Os produtos manufaturados pela rede incluem almofada, travesseiro, bola, nécessaires, ecobags, mochilas, estojos, entre outros. Também são desenvolvidos produtos que as empresas demandam – outro impacto da economia circular, a substituição da compra de produtos novos. Os grupos foram convidados, neste ano, para produzir enfeites para árvores de Natal de Gramado e de empresas.
O diferencial, para Liliane, é criar produtos com uma história. Mais de 120 toneladas de tecido já foram transformadas desde 2021 (economizando 4 milhões de litros de água), bem como mais de 200 toneladas de resíduos no total em 15 anos.
— É uma forma bem legal de as empresas poderem mostrar aos seus colaboradores e trabalhar a questão da consciência ambiental. Olha, esse brinde que tu estás recebendo foi feito com os uniformes usados. Então, quando terminar de usar o teu uniforme, tu deves entregar no RH, porque isso vai gerar essa economia circular — aponta.
Solução sustentável
A Pontifícia Universidade Católica do Rio Grande do Sul (PUCRS) é uma das empresas que encontrou na iniciativa uma solução sustentável para lidar com os uniformes utilizados. Inicialmente, o envio de resíduos era feito de forma pontual, porém, com a formalização da Rede de Economia Circular neste ano, a universidade decidiu intensificar o apoio ao projeto.
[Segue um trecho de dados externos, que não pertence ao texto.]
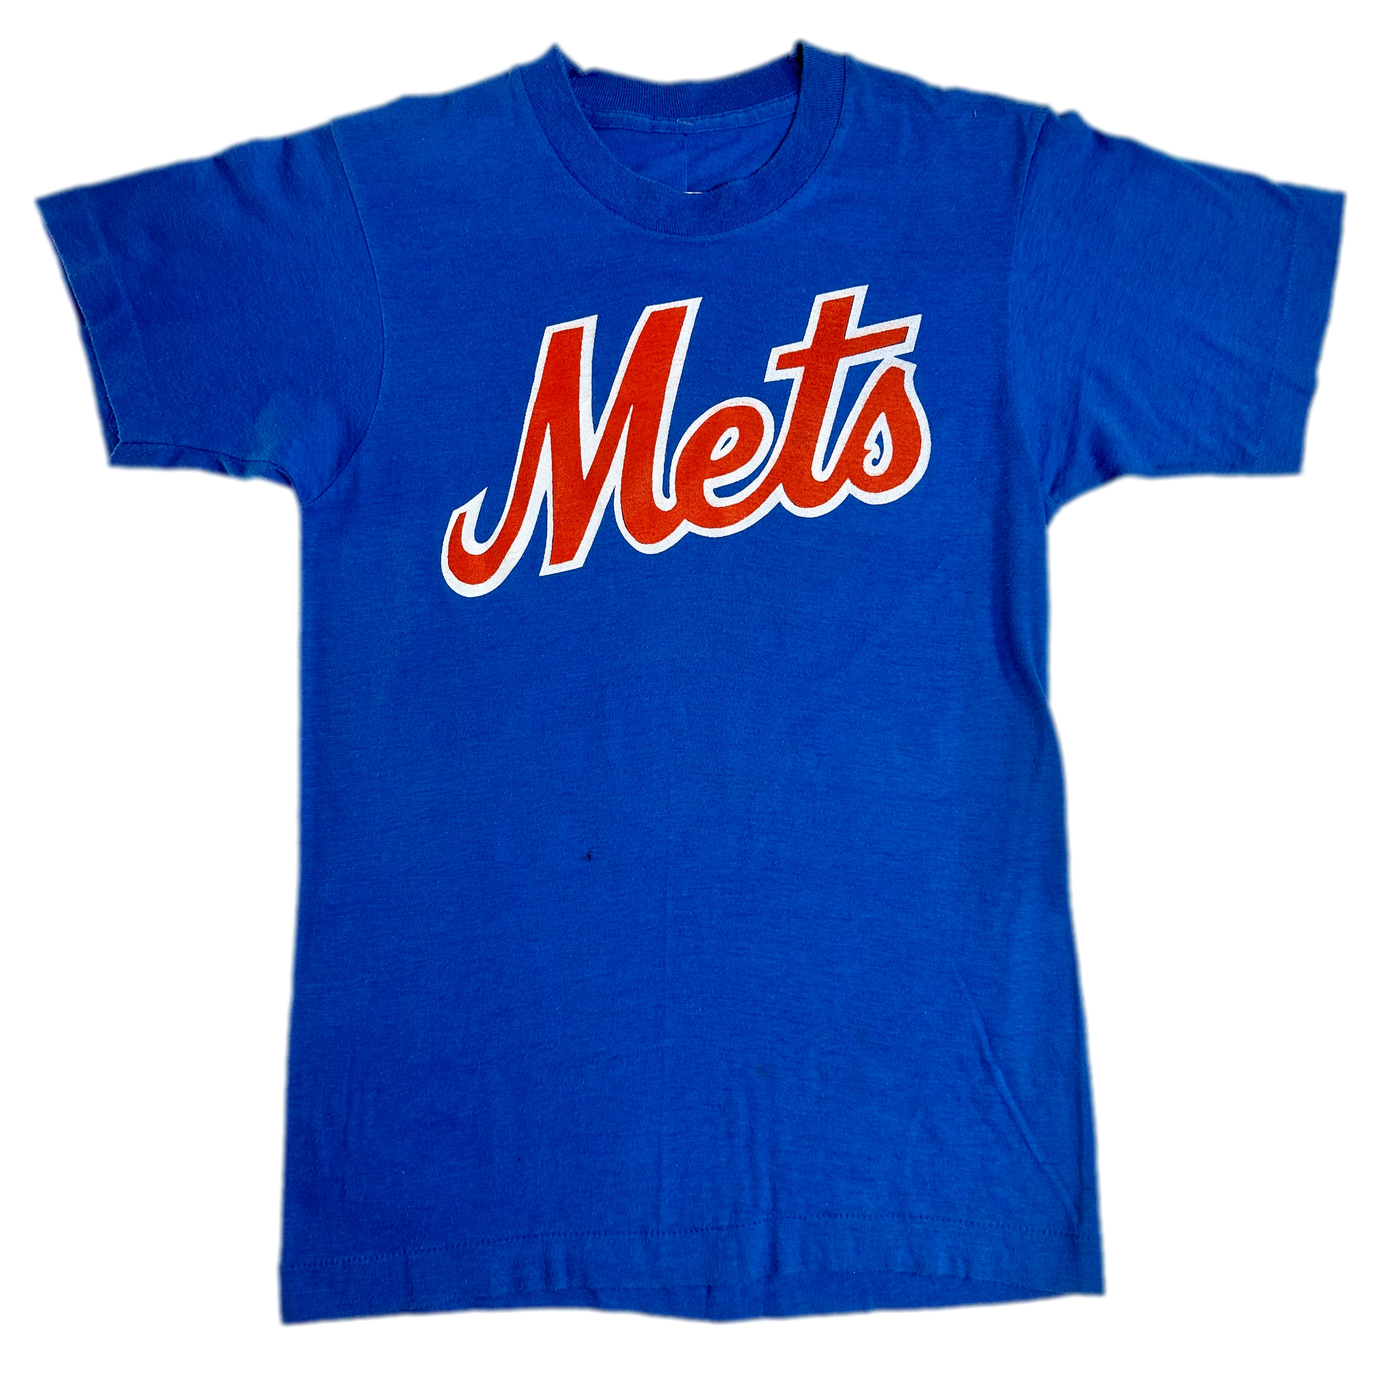 90's New York Mets Blue Sports T-shirt sz XS

A PUCRS envia, em média, 160 kg de EPIs por mês, que já foram transformados em nécessaires e mochilas. Os produtos voltam para dentro da cadeia, chegando aos colaboradores e alunos.
— A gente buscou trabalhar com empreendedores locais da região para poder desenvolver o entorno da PUCRS e, assim, gerar impacto positivo — ressalta Flávia Paesi, analista de sustentabilidade da PUCRS.